━━━ Given data ━━━

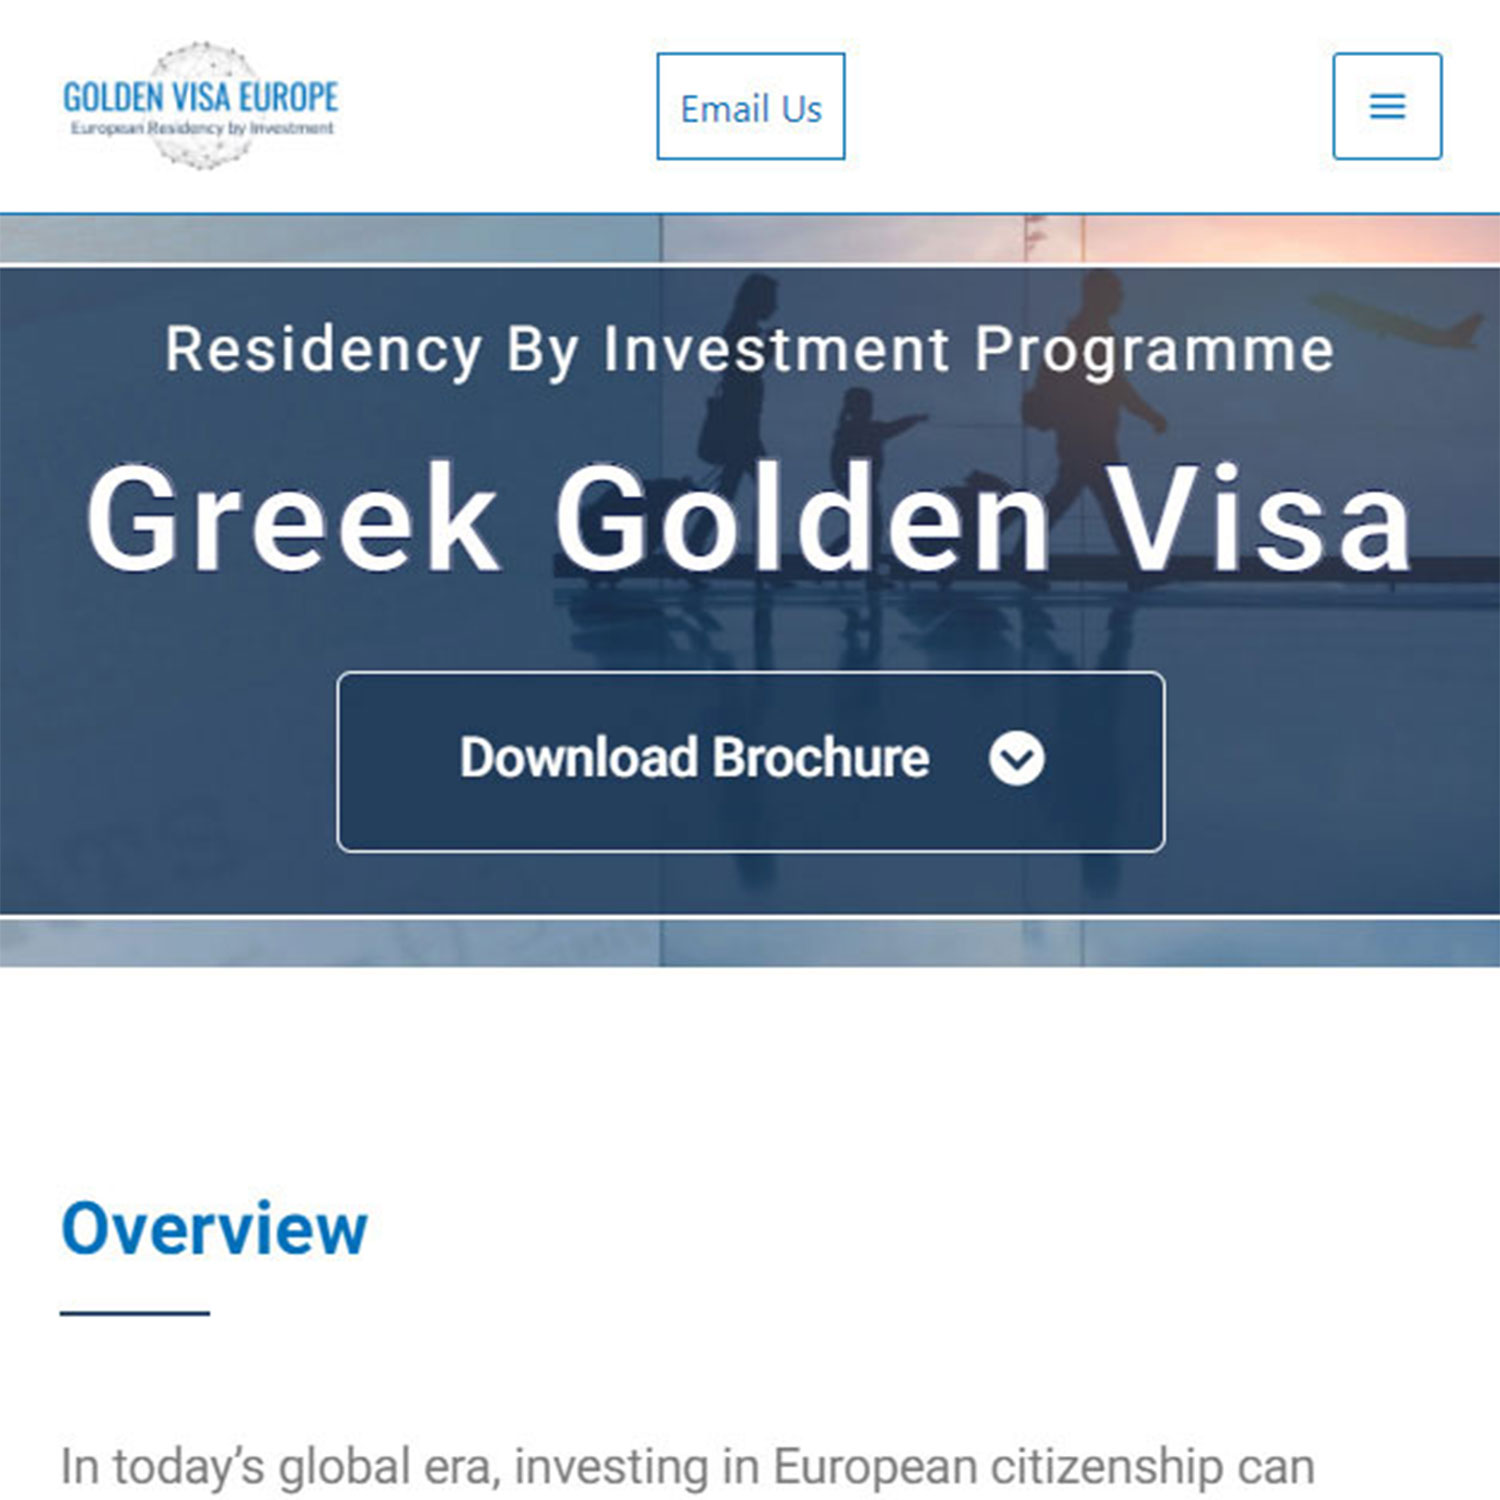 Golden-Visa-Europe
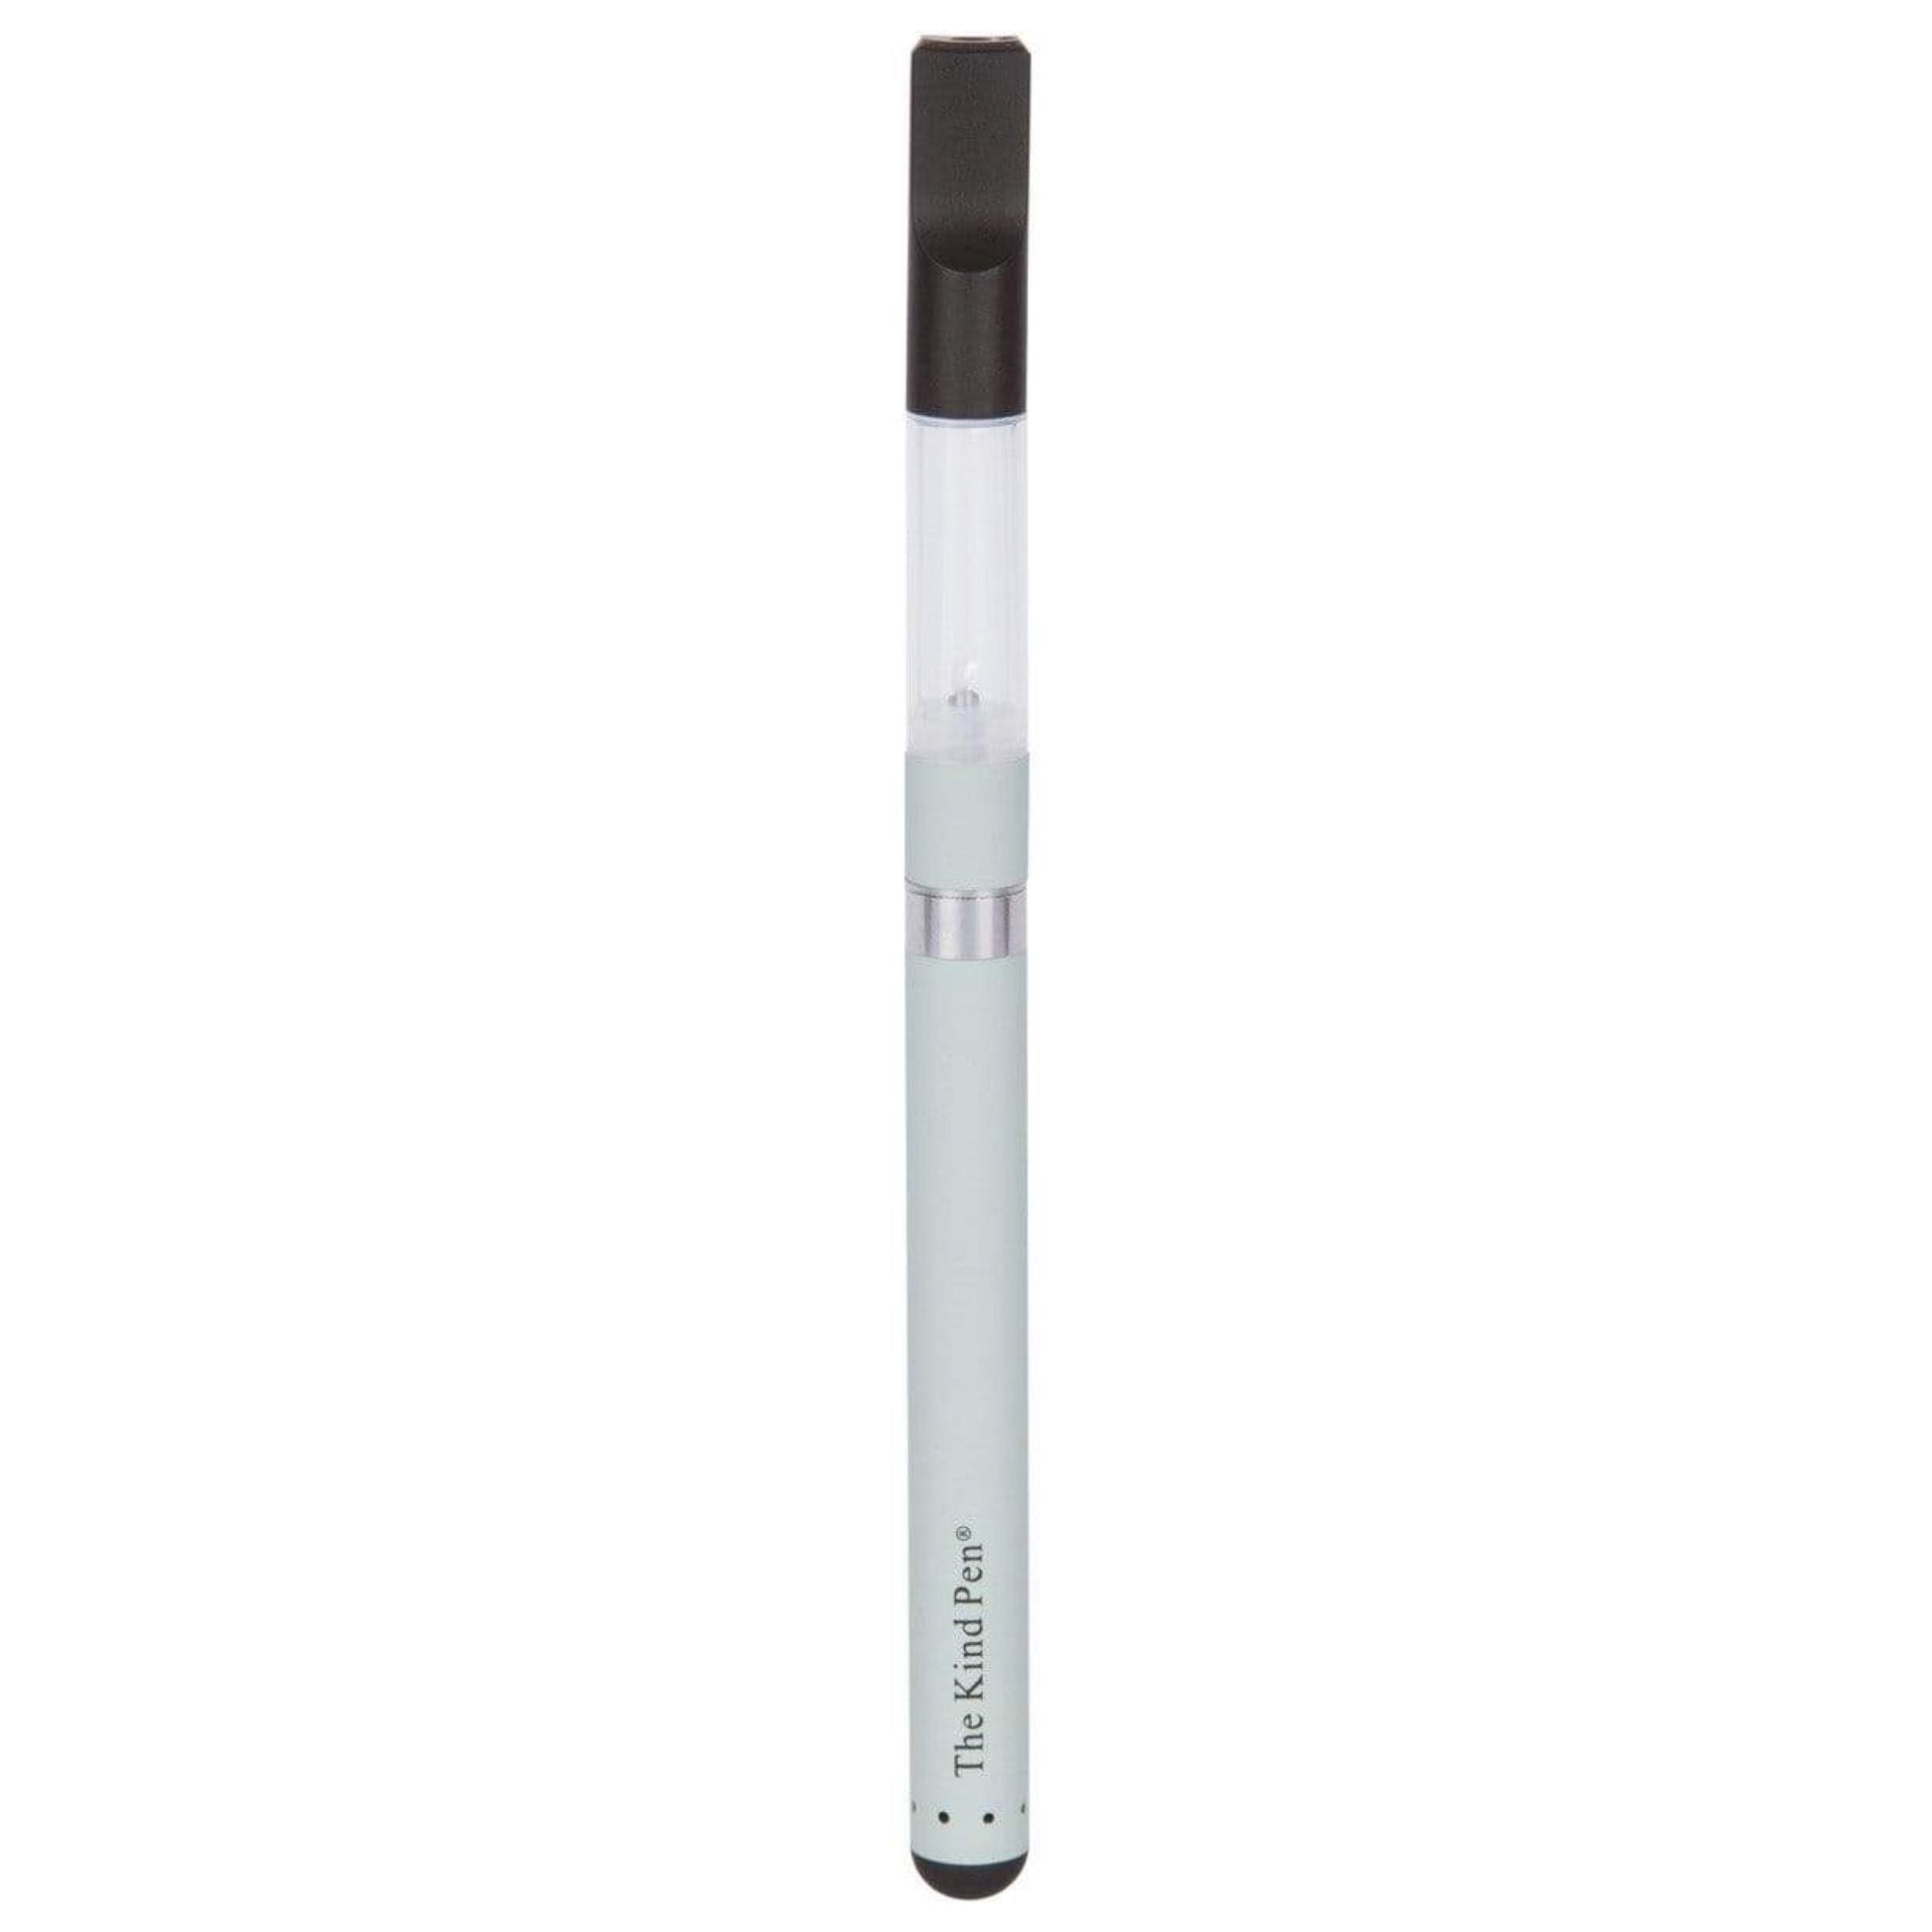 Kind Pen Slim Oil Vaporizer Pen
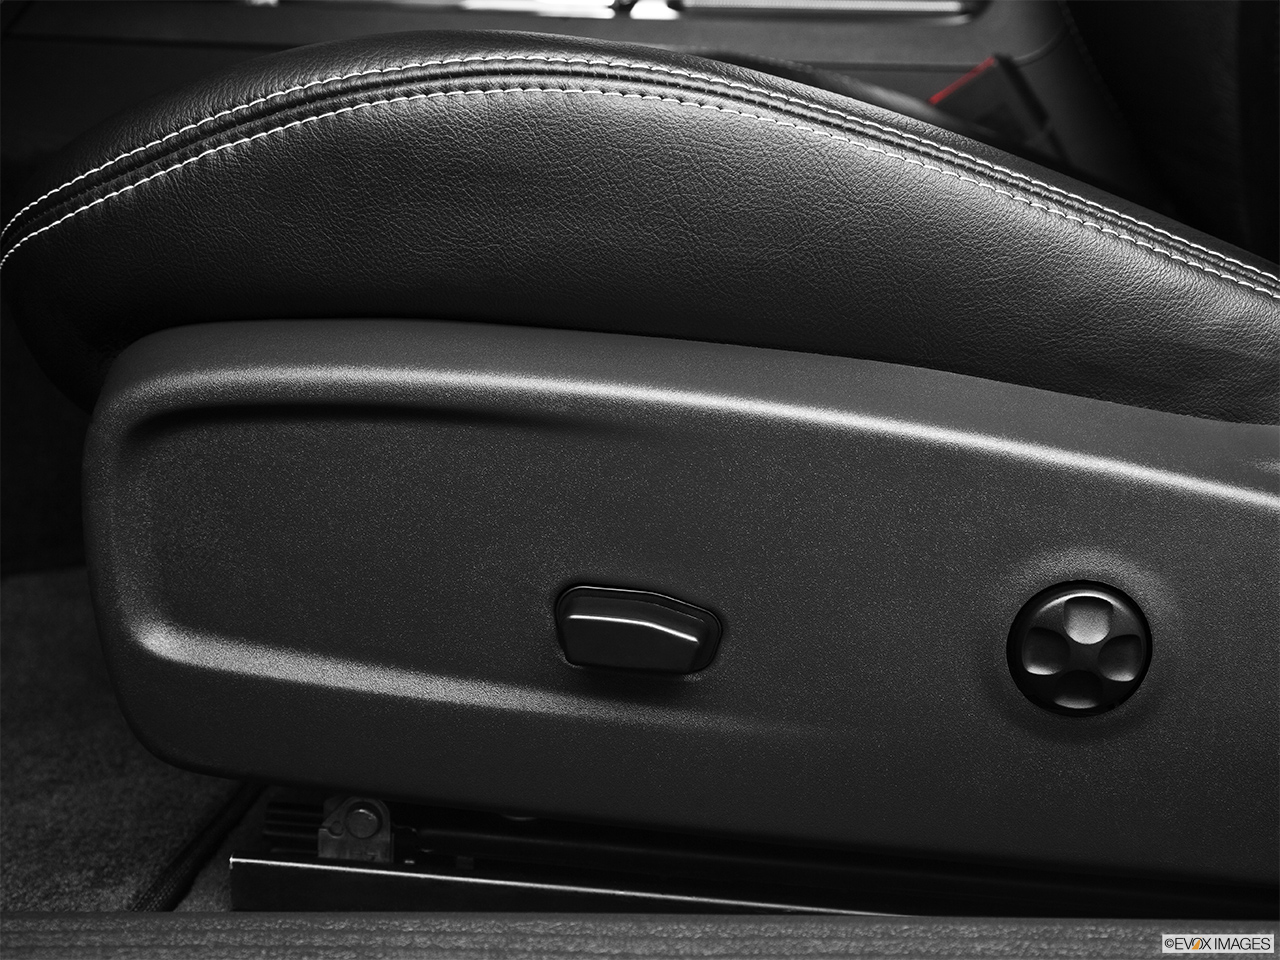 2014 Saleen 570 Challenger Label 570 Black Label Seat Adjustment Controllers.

━━━

Required work:
All of the data above needs to be retyped exactly, with the pictures removed.

Task output:
 Golden-Visa-Europe
 Kind Pen Slim Oil Vaporizer Pen
 2014 Saleen 570 Challenger Label 570 Black Label Seat Adjustment Controllers.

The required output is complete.